Improving Fintech customer retention through data science

Published in

Analytics in Action @ Columbia Business School

4 min readMay 22, 2023

A look at how we leverage data to predict the probability of a user churning at a FinTech company, enabling them to improve retention

Retention is one of the most important goals for any tech company. A strong customer retention rate directly impacts the company’s financials. Customer retention data provides clues to how to serve users better.

Over the last few months, we, a group of MBAs and engineering students from Columbia Business School, worked with a leading FinTech to help predict churn.

The company we worked with is Brigit. Brigit helps everyday Americans build a brighter financial future. Its app features a suite of products geared towards this common goal. Some of these features are available free of cost, while others are accessible through a $9.99 monthly subscription.

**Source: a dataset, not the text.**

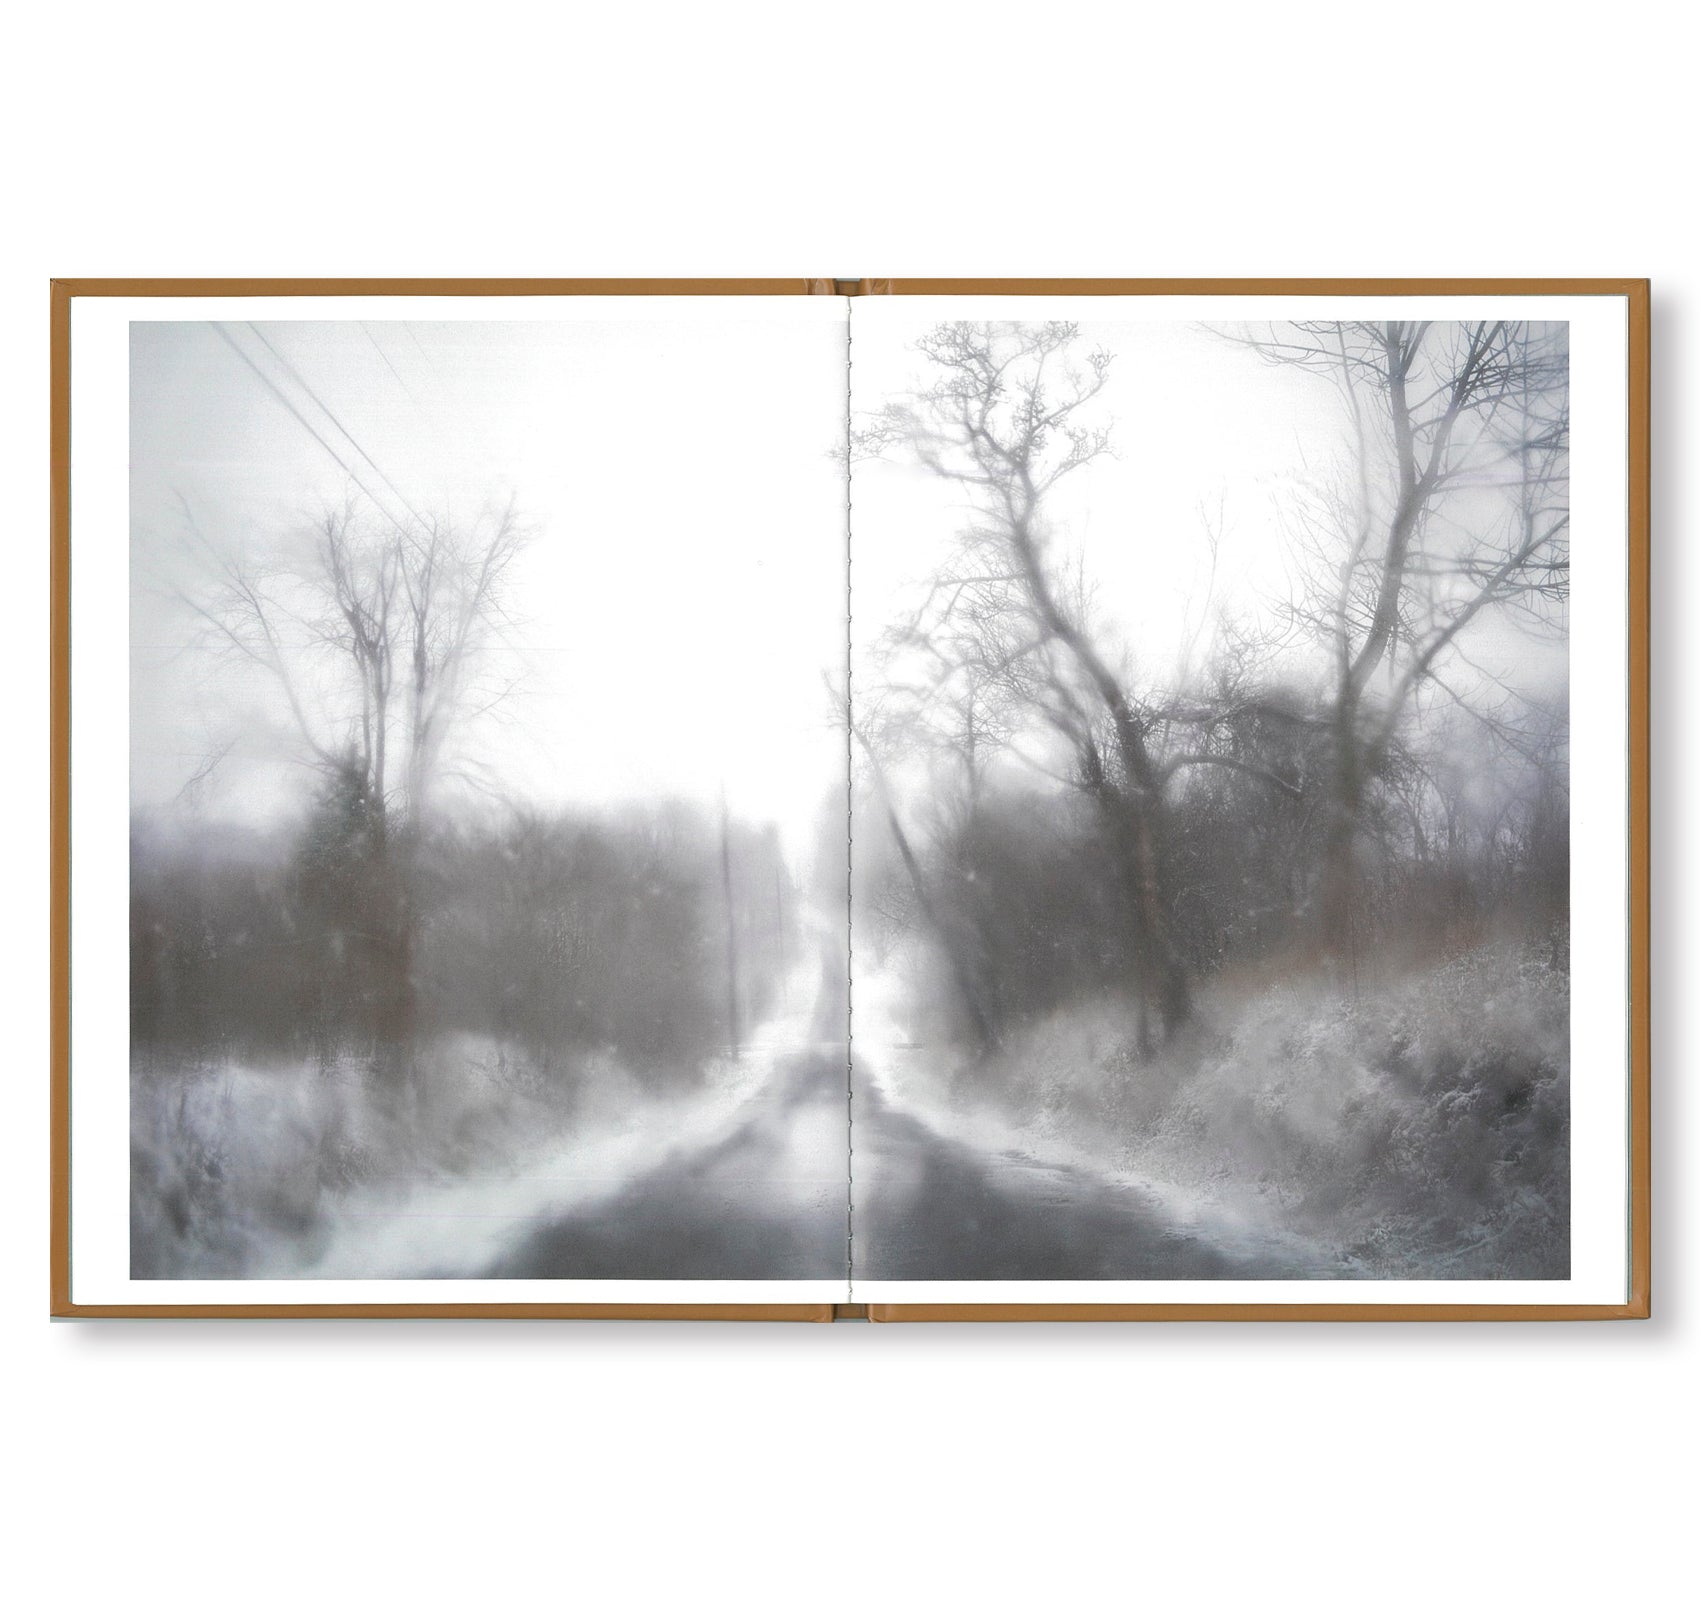 ONE PICTURE BOOK #93: SEASONS ROAD by Todd Hido

Since their launch, Brigit has helped more than 4 million people relieve their financial stress. As they keep growing, they don’t lose focus on their current user base and their retention.

Brigit partnered with us through Columbia Business School’s Analytics in Action course to delve deep into user retention and to help them predict whether and when a particular user will churn.

We first conducted analyses to understand the problem at a high level

Before starting to predict, we wanted to understand the size of the problem. We did a cohort analysis to find out what percentage churned month over month.

A Brigit user can churn in two ways. One, they can cancel their subscription. Two, they can miss their subscription payments. From the data, we learned the majority churned users churn via the latter.

The way we define churn then is a user that (i) canceled their subscription or (ii) missed two subscription payments in a row.

Getting the data ready for modeling

The next step was pre-processing the data. We created churn labels, did data cleaning, dealt with missing values, corrected variable types, and removed highly correlated features.

With the data in the desired shape, we were ready to build the model. The first thing we decided, together with Brigit, is that we needed two separate models, one for each type of churn.

Since the majority of users churned by missing their payments, the model to predict that was our primary focus.

The missed payments model performed great

We started with the basics, we did logistic regressions and kNN models. Both models worked pretty well for the non-payment type of churn; in technical words, they achieved high precision and recall (~0.80).

Later on, we tried two more advanced models, Random Forest, and XGBoost, with great results. The models were very robust, performing well in every metric.

The other model proved to be trickier

As we mentioned before, the big majority of users do not deactivate their subscriptions. This is good news for the business, but, when trying to build a predictive model, it presents the challenge of data imbalance.

To deal with data imbalance, we downsampled the large segment, upsampled the small segment and we tried with the SMOTE method, but none of them worked. For every model that we trained, the precision and recall were poor.

Finally, in coordination with Brigit, we decided to deprioritize this model and focus on understanding the most relevant features behind the non-payment model.

We dug deeper to better understand the most important features

We found that the month of the year is a key variable and that the churn rate accelerated around mid-year. We also proved the intuitive relation between missing subscription payments and missing loan payments, as well as the relation between the monthly inflow of the user and their ability to pay.

Final thoughts

We learned a great deal from this project. Perhaps the most important learning is that such modeling exercise is highly iterative. Arriving at the right model entailed multiple rounds of data pre-processing and trying out various modeling techniques.